Unified Video Decoder and Playback Pathways

A typical consumer user experience revolves a lot around video, and AMD identified for Carrizo a big potential to decrease power consumption and increase performance in a couple of different ways. First up is adjusting the path by which data is moved around the system, particularly as not a lot of video matches up with the native resolution of the screen or is scaled 1:1.

When a video exhibits a form of scaling, either it is made full screen and scaled up or it is a higher resolution video that scales down, that scaling is typically performed by the GPU. The data leaves the decoder (either hardware or software), enters system memory, moves into the graphics memory, is processed by the GPU, moves back out to memory, and then is transferred to the display. This requires multiple read/write commands to memory, requires the GPU to be active but underutilized, and this happens for every frame. AMD’s solution to this is to provide some simple scaling IP in the display engine itself, allowing for scaled video to go from the decoder to the display engine, leaving the GPU in a low power state.

The video playback paths at the bottom of this side show the explanation graphically, and AMD is quoting a 4.8W down to 1.9W movement in power consumption for these tasks.
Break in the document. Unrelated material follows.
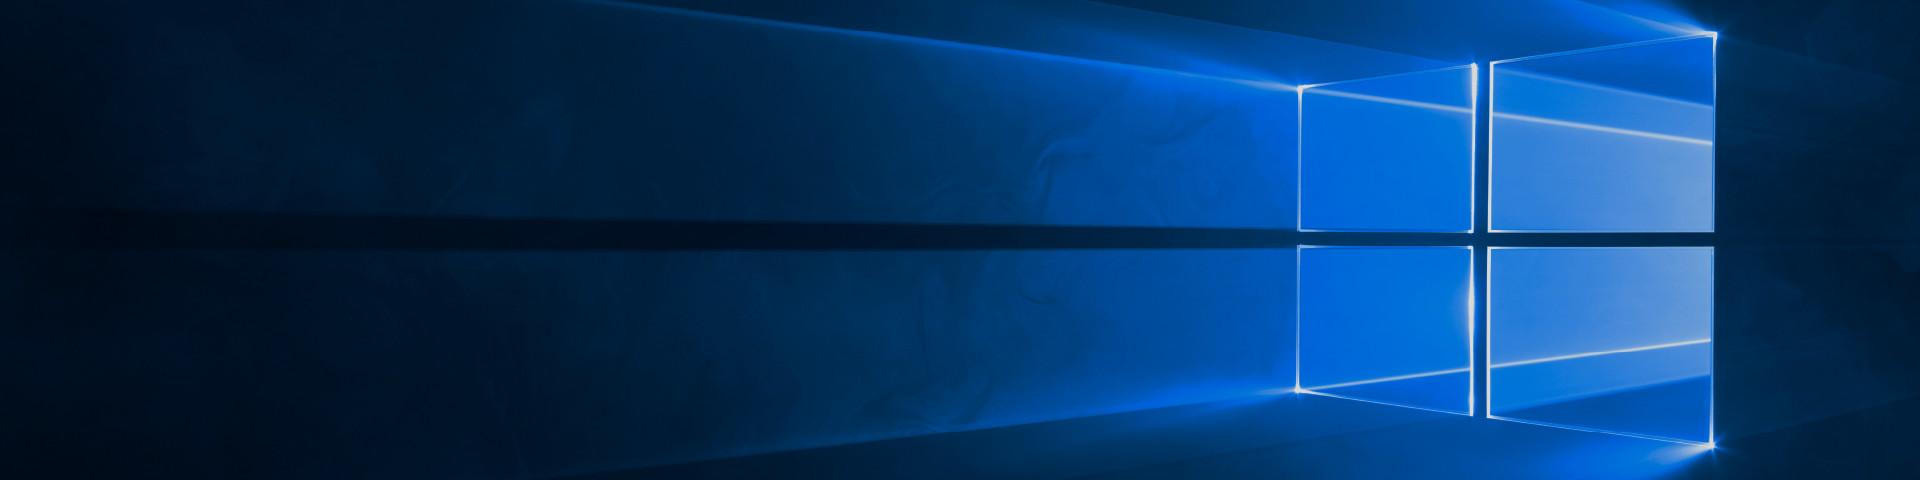 Valo heijastuu ikkunan läpi, osta ja lataa Windows 10

Note that the 4.8W value is for Kaveri, so there are other enhancements in there is as well, but the overall picture is a positive one and AMD quotes a 500mW of APU power savings.

The Unified Video Decoder (UVD) has been built to support the above codecs, with HEVC decode on die as well as native 4K H.264 decode as well. I’ll come back to the 4K element in a second, but what is perhaps missing from this list is VP9, the codec used by Google for YouTube. YouTube is still the number one source for video content on the web, and as Google is transitioning more to VP9, as well as AMD’s competition advertising it as a perk on their latest hardware, it was perhaps confusing for AMD to miss it out. I did ask on this, and was told that they picked HEVC over VP9 as they believe it will be the more important codec going forward, particularly when you consider that the majority of the popular streaming services (NetFlix, Hulu, Amazon) will be using HEVC for their high definition titles.

Back onto the 4K equation, and this is possible because AMD has increased the decode bandwidth of the UVD from 1080p to 4K. This affords two opportunities – 4K video on the fly, or 1080p video decoded in a quarter of the time, allowing the race to sleep for both the UVD and DRAM. Despite a 75% reduction in work, as the UVD does not use that much power, it results in only 30 minutes of extra video playback time, but it is welcome and contributes to that often marketed ‘video playback’ number.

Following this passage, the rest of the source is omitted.